Global Asset Allocation Views – Q3 2018

Global Asset Allocation Views – Q3 2018

Global Asset Allocation Views – Q3 2018

                Markets have continued their wild ride in 2018 with U.S. markets gaining steam with the help of small caps.  Meanwhile, international markets have been damaged by political issues, the strengthening dollar, and the U.S. fed’s outlook on rate increases.  A populist government has been allowed in Italy where the far-right Lega, promising a lower flat tax, and the far-left 5-Star party, promising a universal basic income, will increase the budget without the required structural reforms needed.  In Spain, a minority government was formed by the center-left after ousting the prime minister and the troubles over secession by Catalonia continues.  Brexit negotiations continue to go nowhere as the March 29, 2019 deadline looms.  On top of this, European manufacturing has moderated while the ECB has stated they will end their QE (quantitative easing) program this December.

On this side of the Atlantic, the U.S. economy continues to show signs of strength.  Recent tax cuts have begun to show up in consumer spending and companies are increasing their capital expenditures and buybacks at a record pace.  Smaller cap companies have had a strong second quarter boosted by deregulation, tax cuts, and a strengthening dollar.  On the other hand, the strengthening of the dollar has been an issue overseas, especially in emerging markets where countries as diverse as Argentina, South Africa, and Turkey have had significant problems dealing with inflation and currency controls.  After a weak dollar in 2017, this strengthening was not unexpected and though we expect the short-term effects to continue, the longer-term view is for a somewhat weaker dollar.

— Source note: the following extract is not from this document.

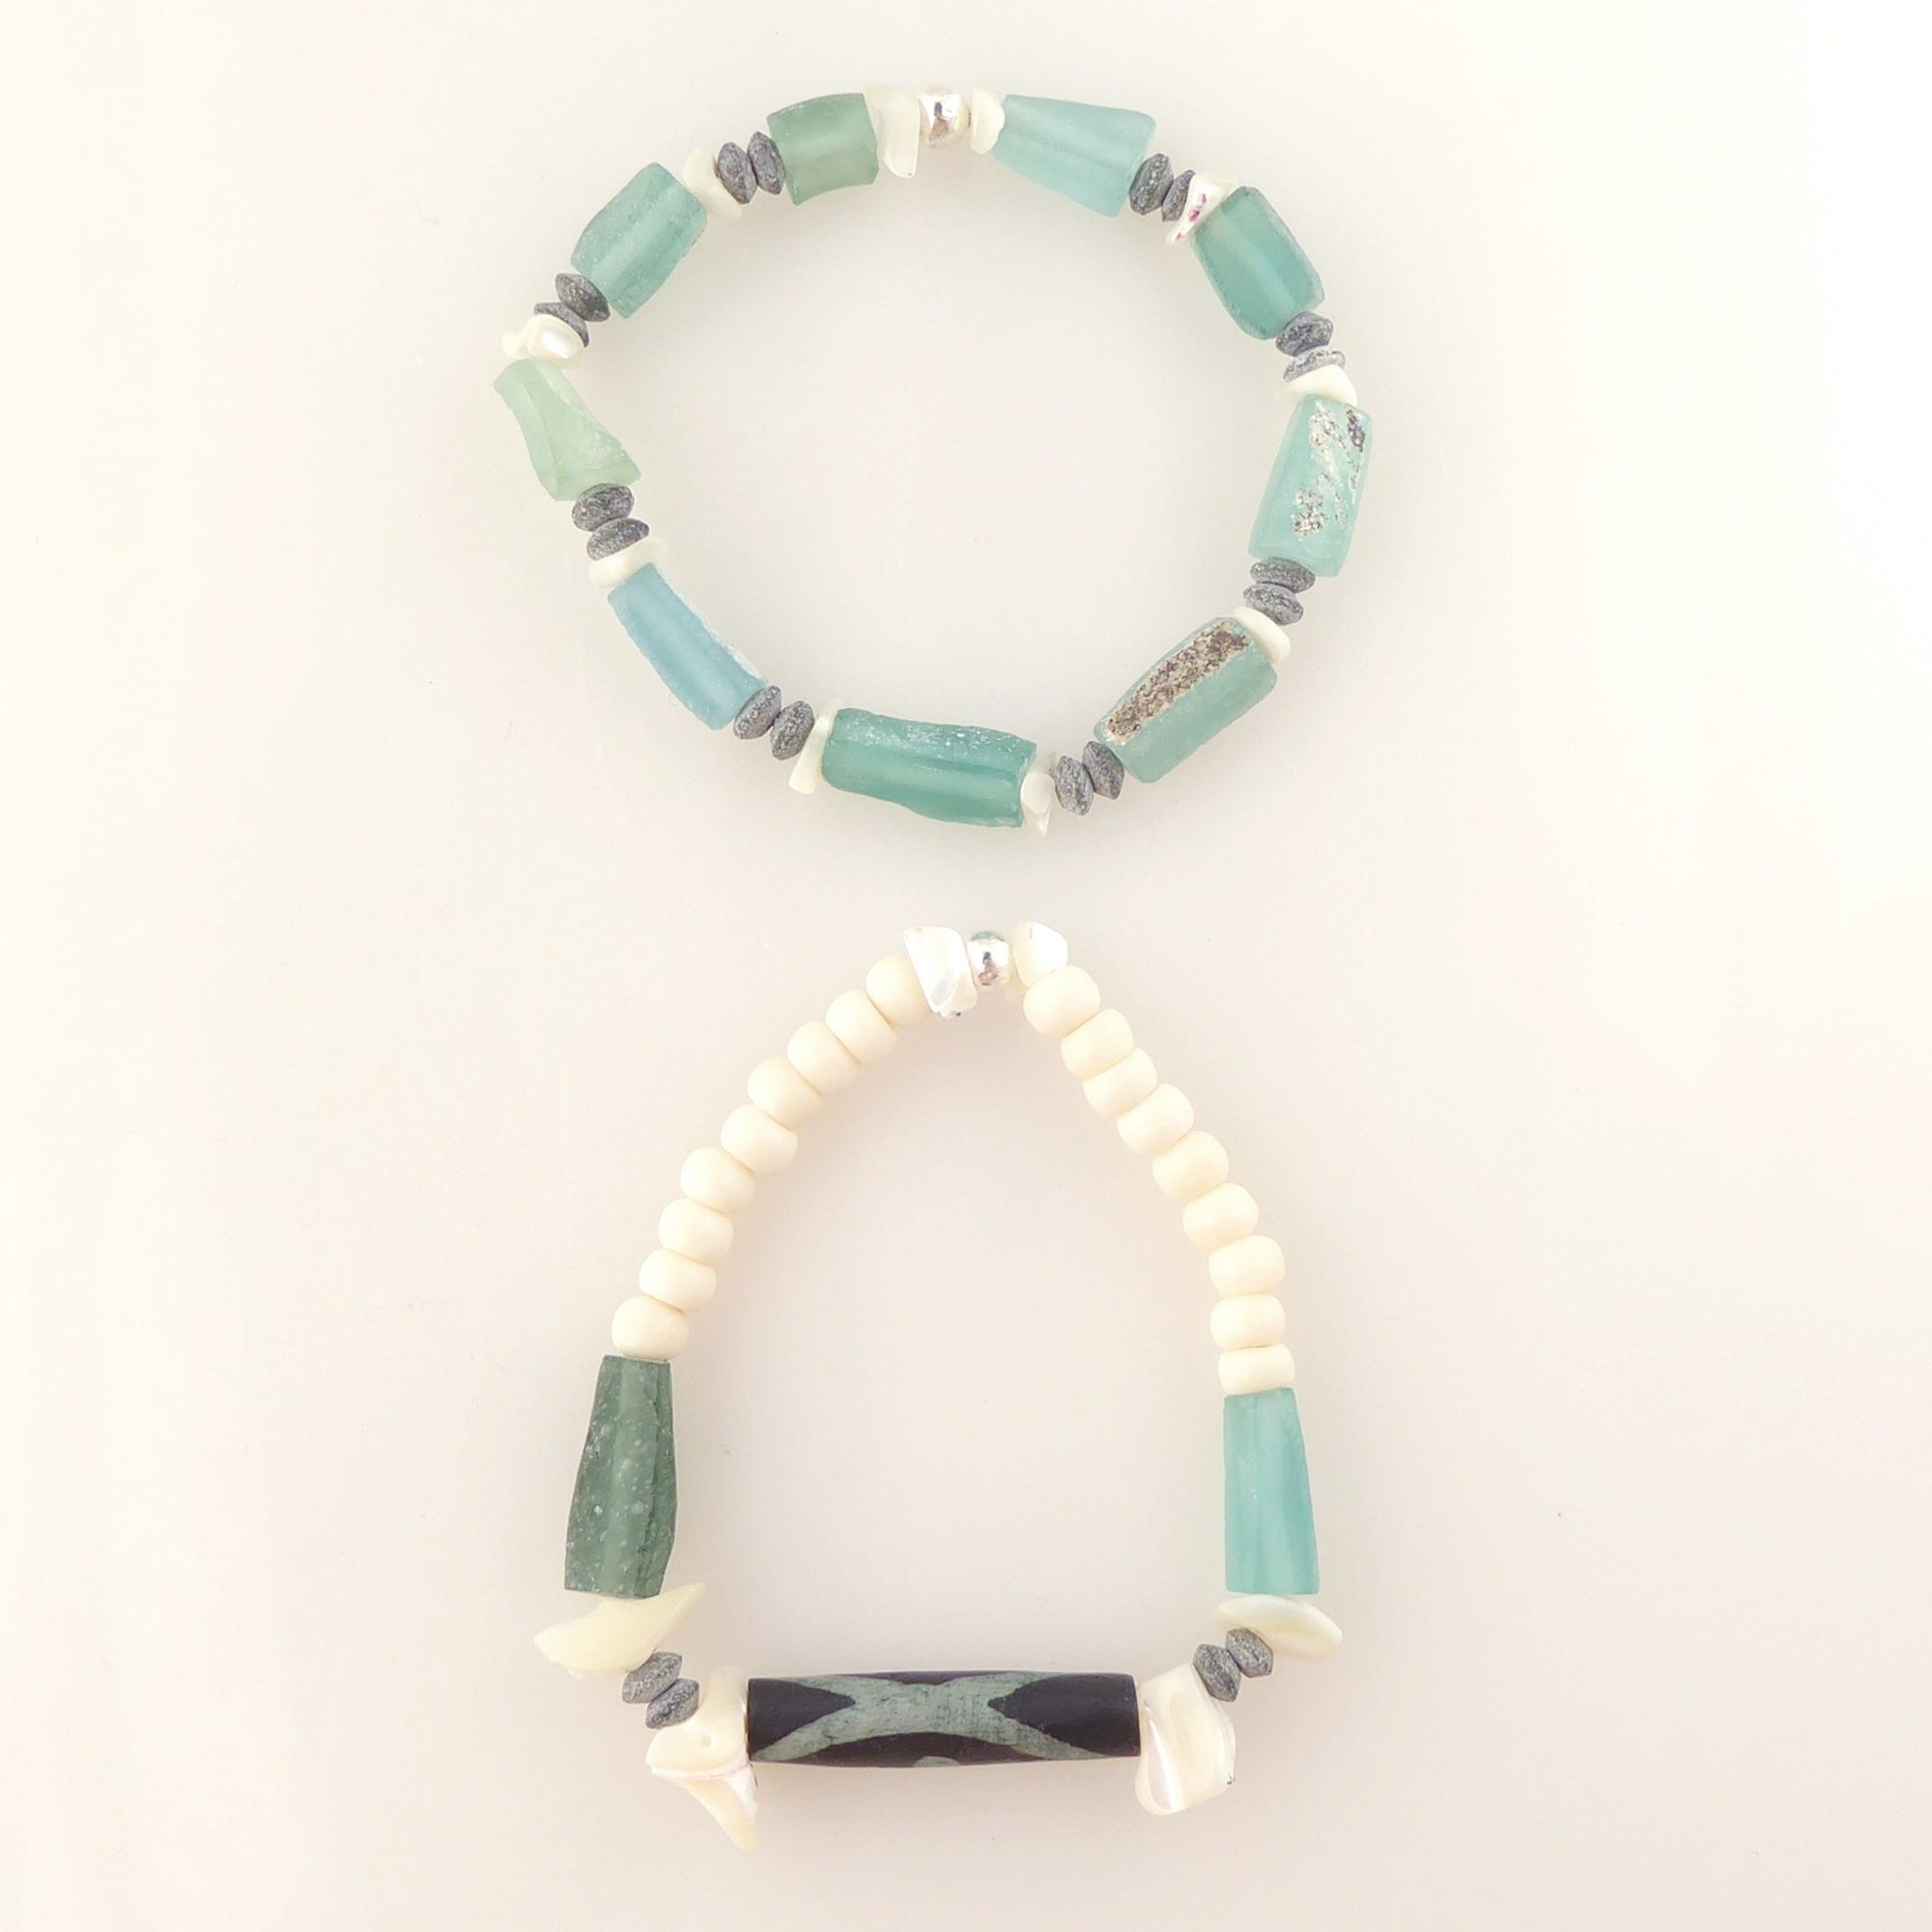 Antique roman glass bracelet by Jenny Dayco 4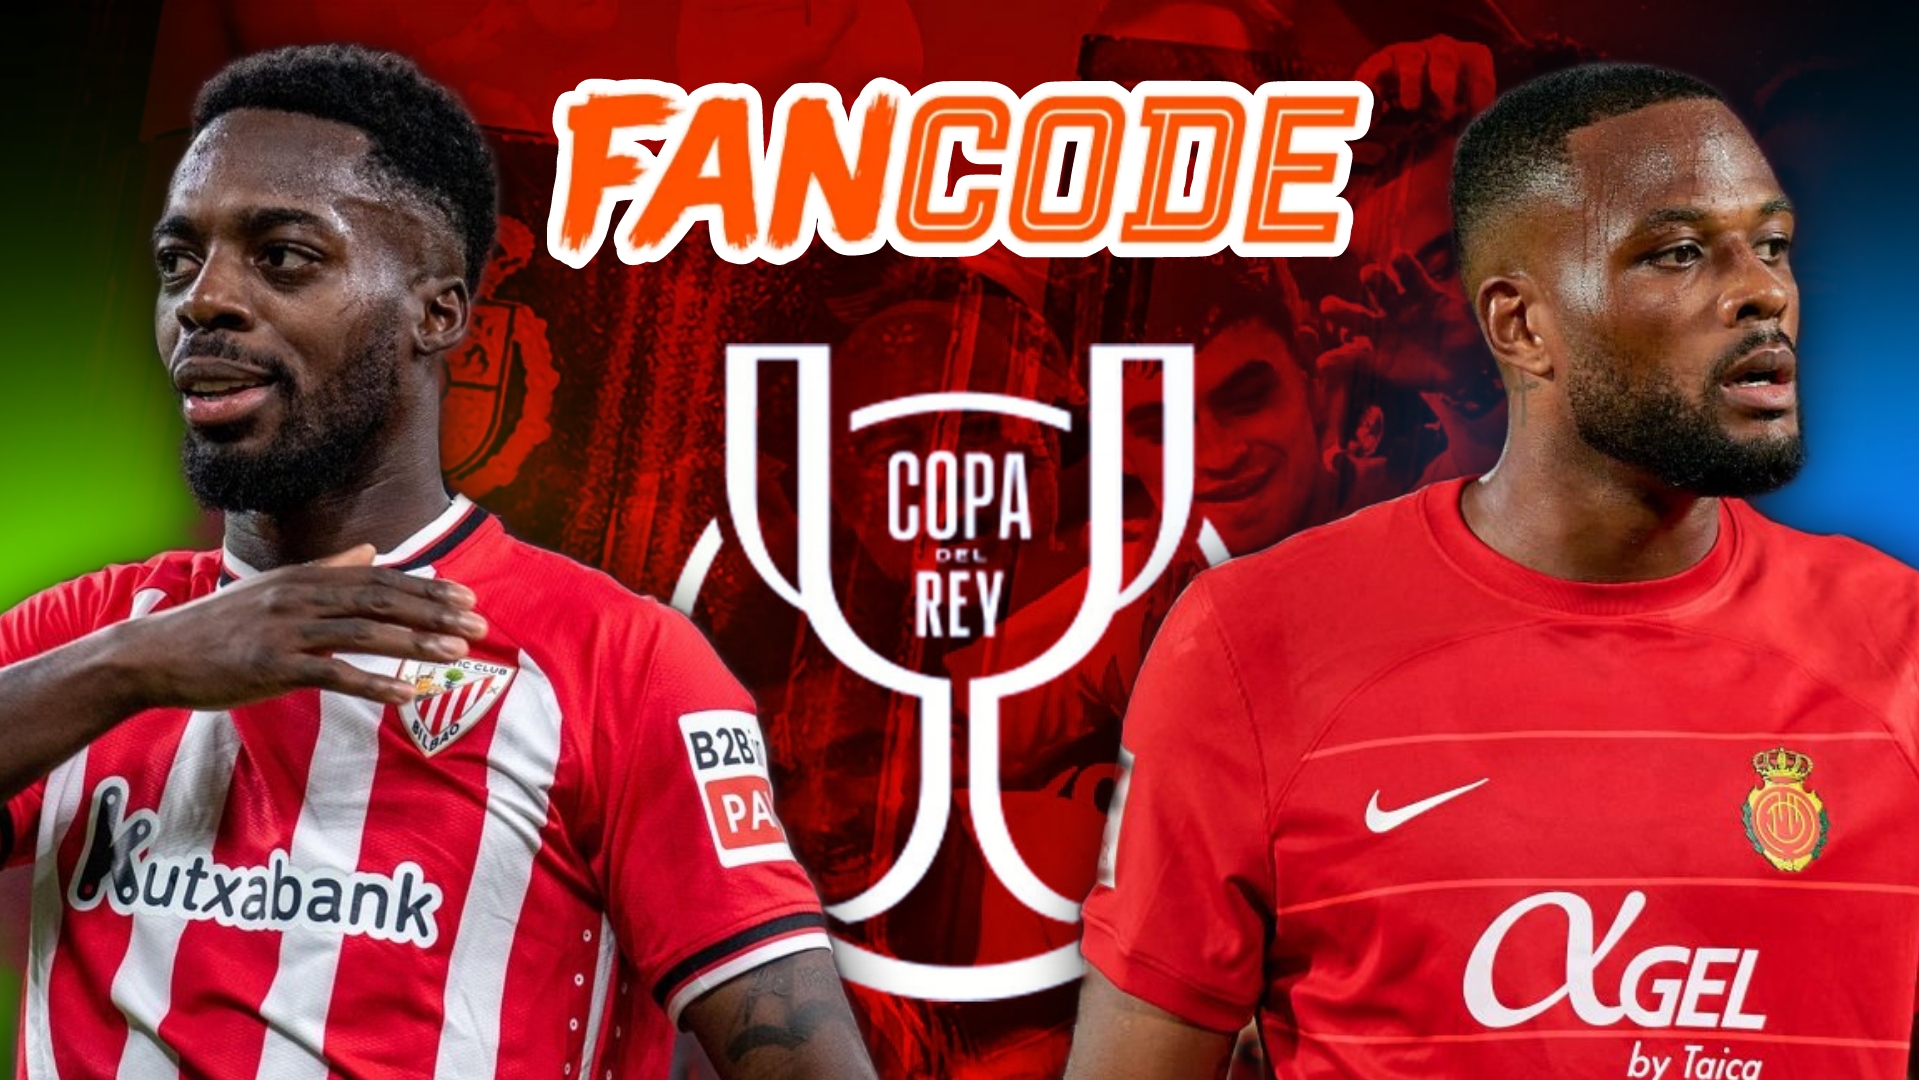 Copa del Rey Final Preview: Athletic Club vs Mallorca on Fancode

A potential recession, based on models we follow, could occur late-2019 to early-2021, this will most likely be caused by an overeager Fed tightening too quickly to stay ahead of inflation, which though heading higher is still somewhat benign.  Tariffs have been slapped on Chinese products, particularly in technology, with China responding in kind targeting U.S. products sensitive to states President Trump won in 2016.  Tariffs are a bogeyman to markets and they have reacted negatively each time these make the headlines.  The hope is this will lead to some concessions from China regarding theft of U.S. intellectual property and that it will not spiral out of control.

KEY THEMES     

We continue to like equities over fixed income, though by a smaller margin then we liked near the end of last year.  With rates creeping up, the gap between bond yields and the Earnings yield of the S&P 500 continues to narrow.

We still favor international equities over the long-term but are aware that during the short-term there will be some volatility.

KEY RISKS

                As mentioned above, the Fed tightening too quickly in the later stages of the business cycle has historically led to a recession.

Continued protectionist trade policy, not just in the U.S., can be a headwind for growth and impact the interconnected supply chains used throughout the globe.

Dollar strengthening further from this point would impact emerging market monetary policy regarding rates, capital flows, and their ability to service debt.  Here in the U.S., a stronger dollar would also make our exports more expensive before any tariffs are even levied.

KEY CHANGES

We will being using sectors in our Large Cap sleeve as this gives us more autonomy to shift positions to more favorable sectors to better utilize our research capabilities.

Upgrades

  • Small Cap – will benefit in the late cycle of the U.S. expansion and in the short to mid-term from a stronger dollar
  • Agency MBS – there is less risk, at this point, to having exposure to consumer balance sheets and provides an attractive spread over similar risk treasuries

Downgrades

  • Europe – as we mentioned above, geopolitical issues in Italian markets, the impact of trade, and Brexit are all reasons to move Europe to neutral
  • Investment-Grade Corporates – spreads are at very tight levels making valuations weak and business balance sheets are riskier than the individual consumer

 

Written by:  Antonio Belmonte, CFA, Chief Investment Officer

These are the opinions of Antonio Belmonte and not necessarily those of Cambridge, are for information purposes only, and should not be construed or acted upon as individualized investment advice.  Investing involves risk.  Depending on the types of investments, there may be varying degrees of risk.  Investors should be prepared to bear loss, including total loss of principal.  The strategies discussed herein are not designed based on the individual needs of any one specific client or investor.  In other words, it is not a customized strategy designed on the specific financial circumstances of the client.  However, prior to opening an account, Cambridge will consult with you to determine if your financial objectives are appropriate for investing in the model.  You are also provided the opportunity to place reasonable restrictions on the securities held in your account.